(ENTRIES PROVIDED)
──────

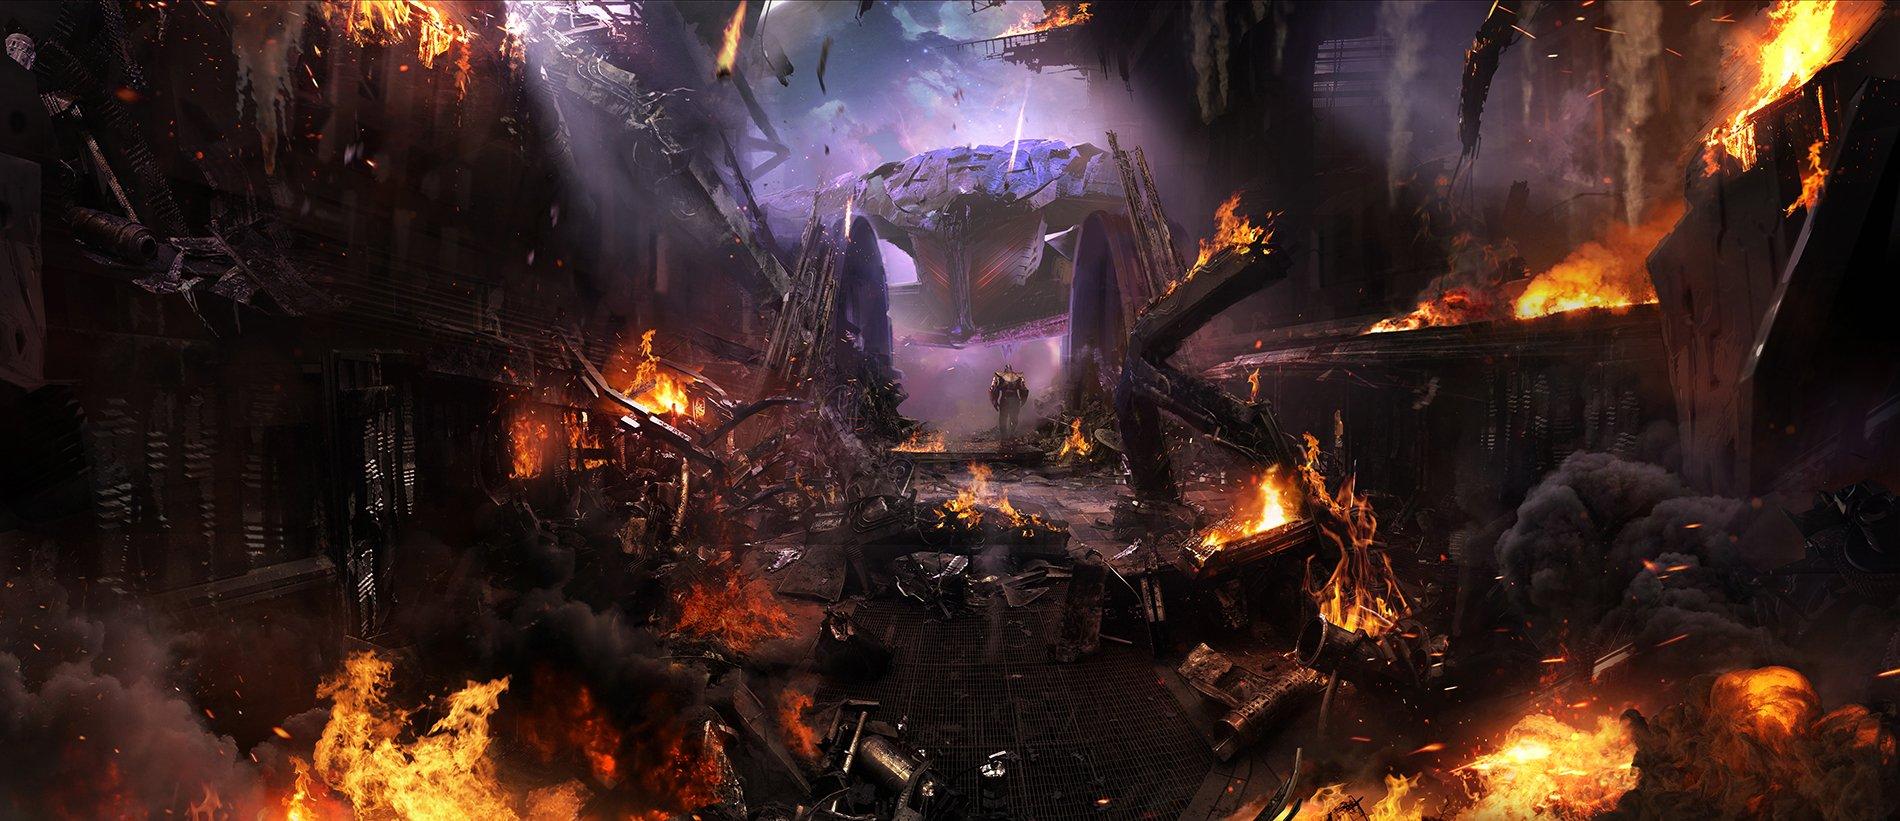 Концепт-арт Войны Бесконечности: Ark destruction by Pete Thompson
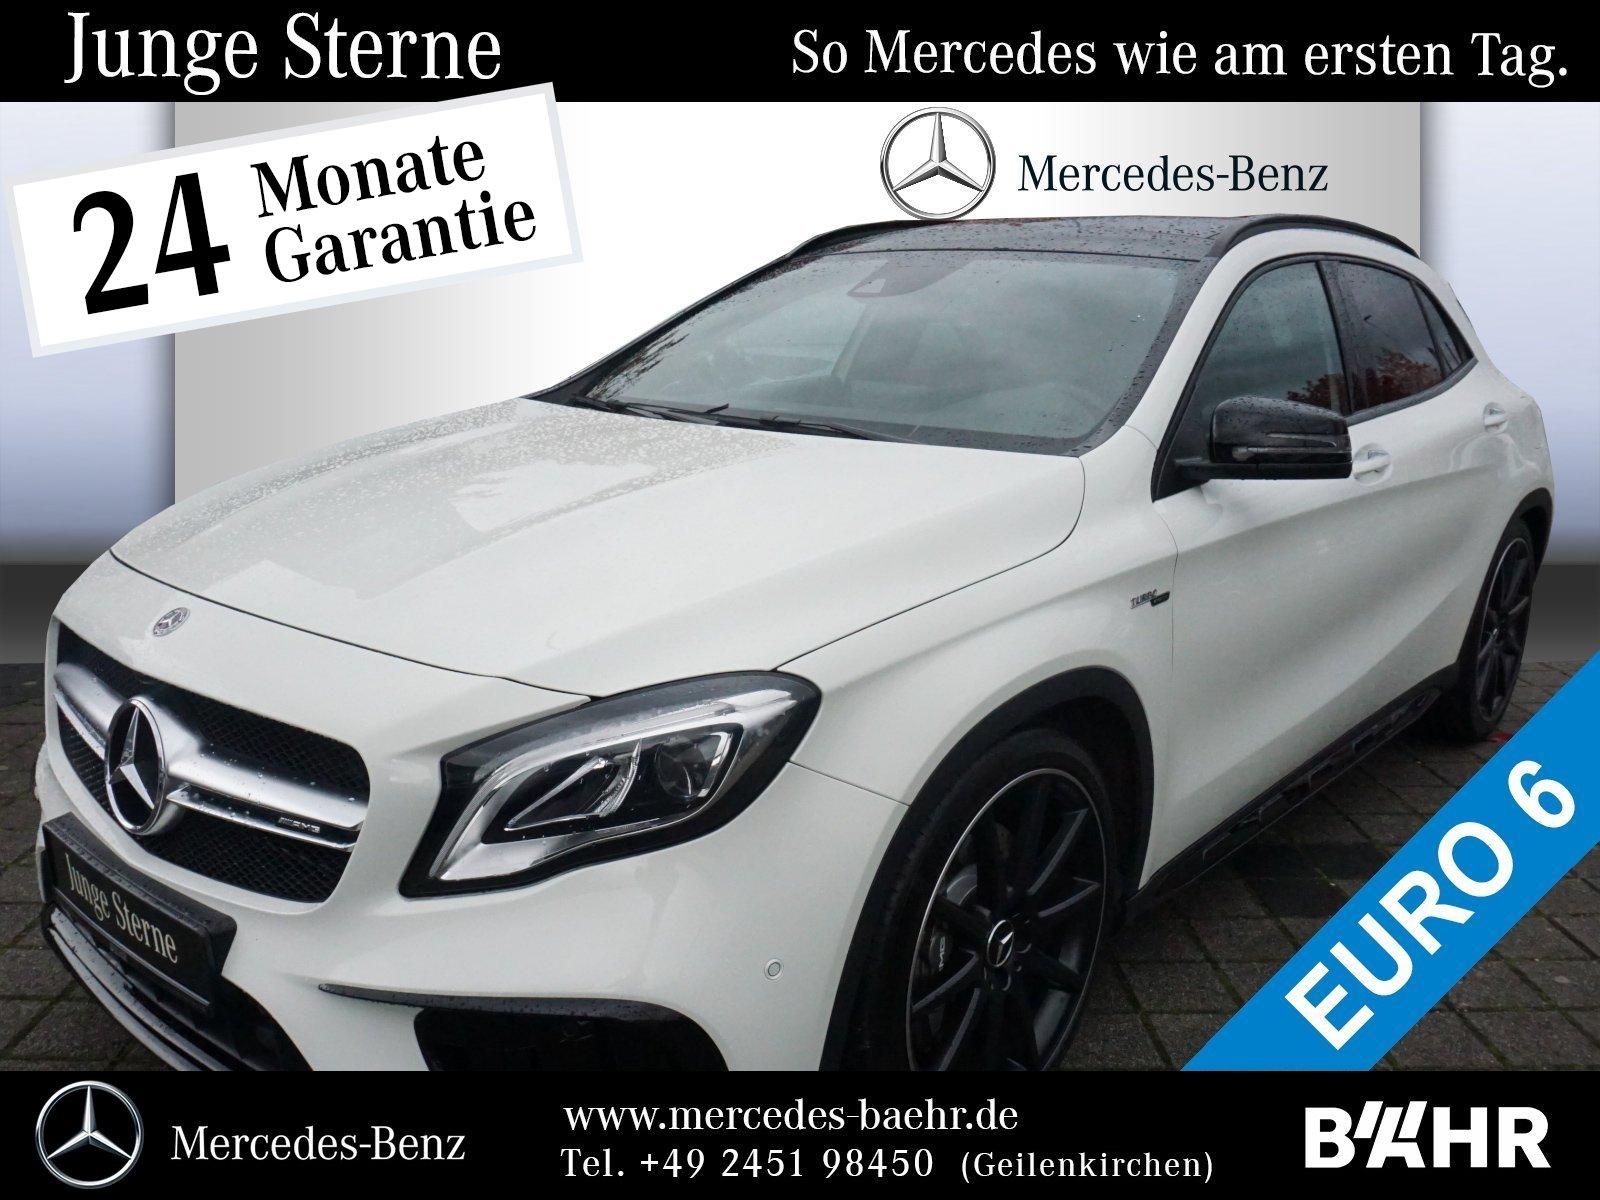 Mercedes-Benz GLA 45 AMG 4M Night/Comand/LED/Driver'sPackage, Jahr 2017, petrol
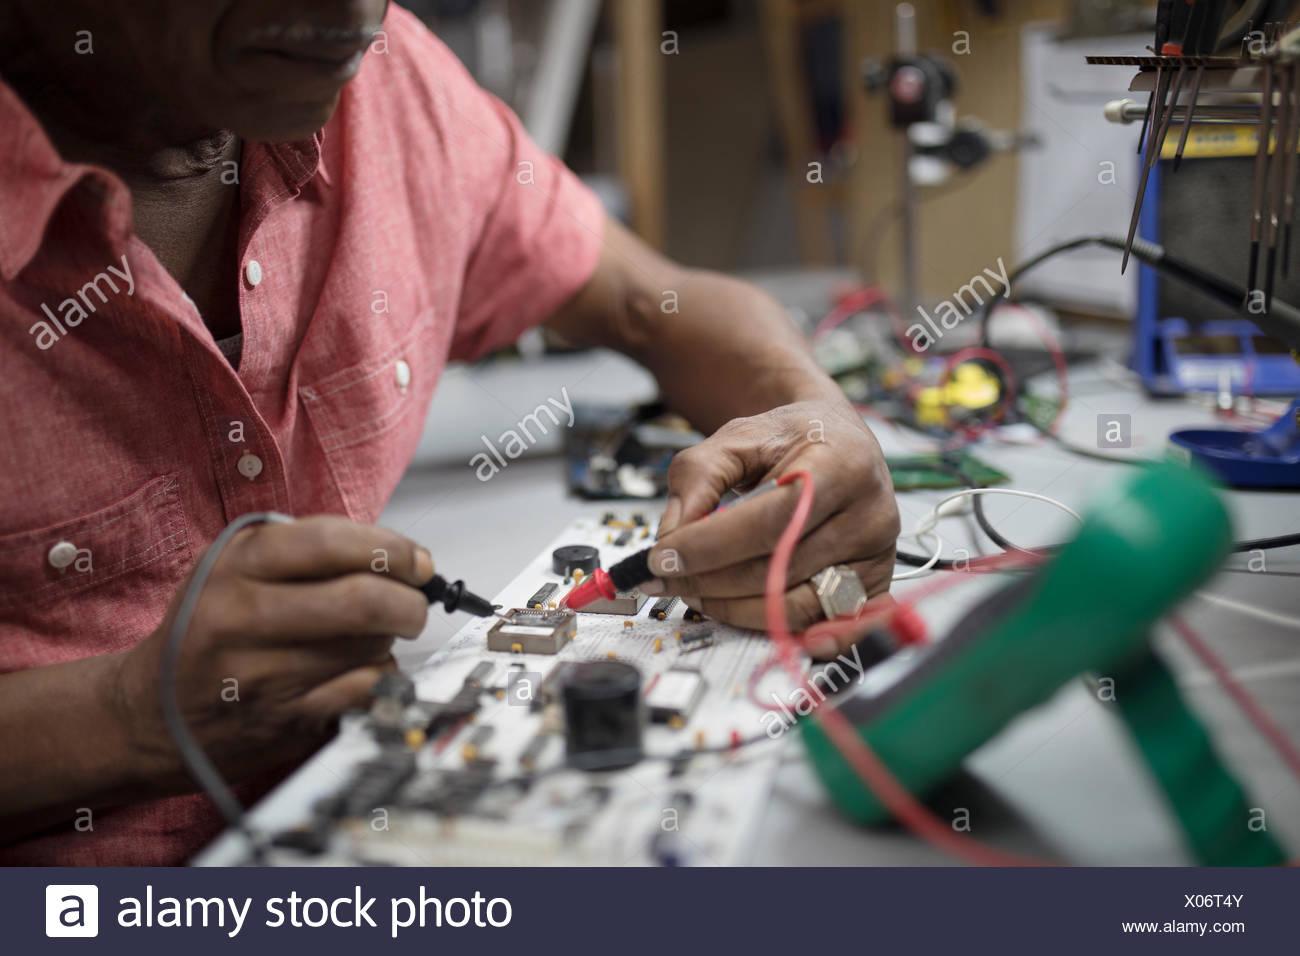 Close up male engineer using soldering iron on electronics - Stock Image
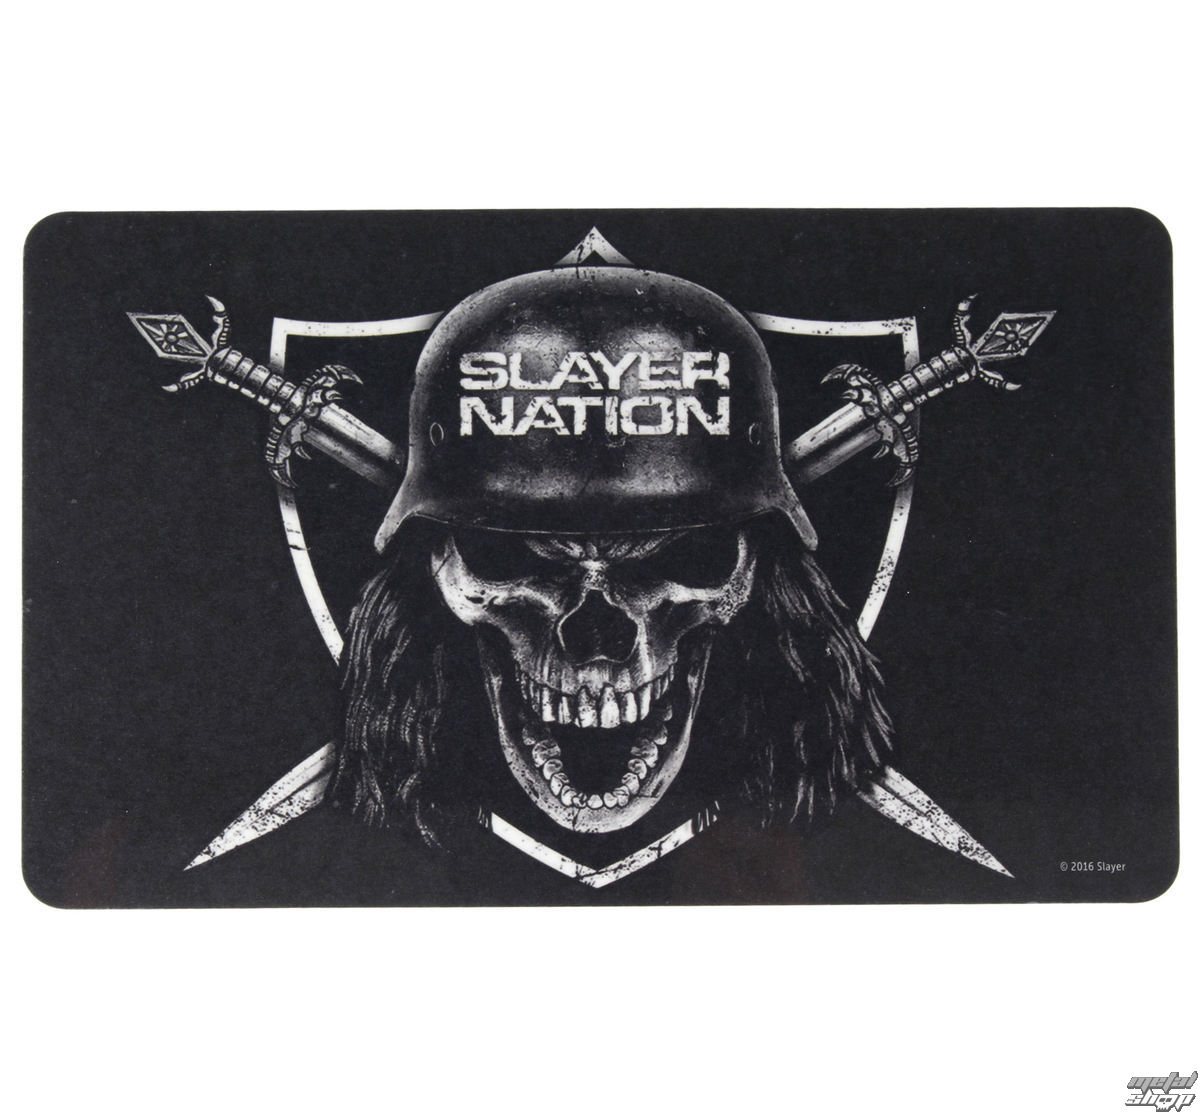 prestieranie Slayer - Nation - BFBSL2
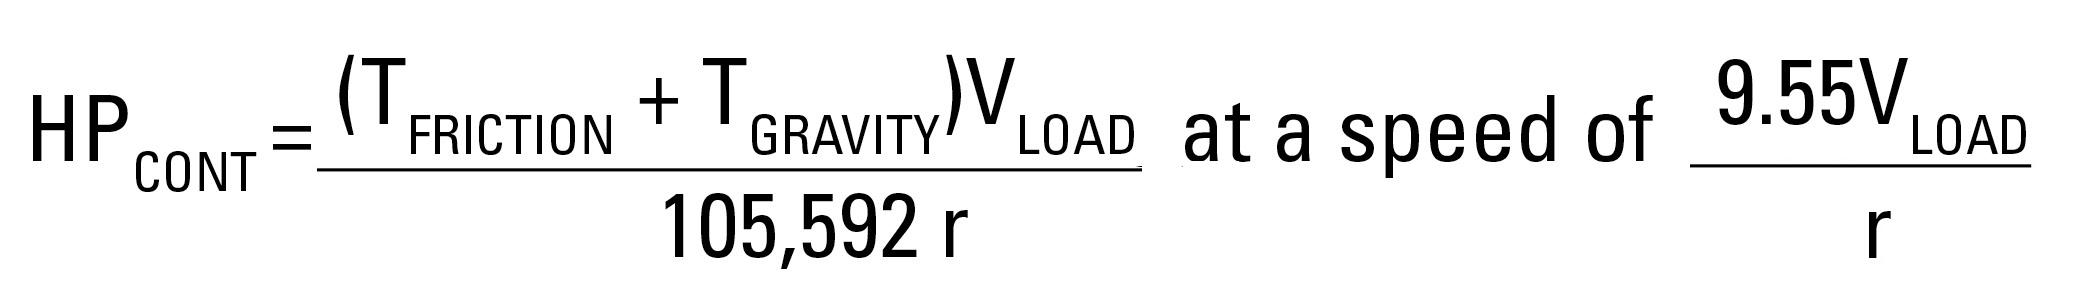 Bodine-gearmotors-for conveyors_formula-HP_11-12-2013

──────

(WHAT YOU WILL DO)
Every entry above should be duplicated exactly. Do not include the images.

(ANSWER BELOW)
 Концепт-арт Войны Бесконечности: Ark destruction by Pete Thompson
 Mercedes-Benz GLA 45 AMG 4M Night/Comand/LED/Driver'sPackage, Jahr 2017, petrol
 Close up male engineer using soldering iron on electronics - Stock Image
 prestieranie Slayer - Nation - BFBSL2
 Bodine-gearmotors-for conveyors_formula-HP_11-12-2013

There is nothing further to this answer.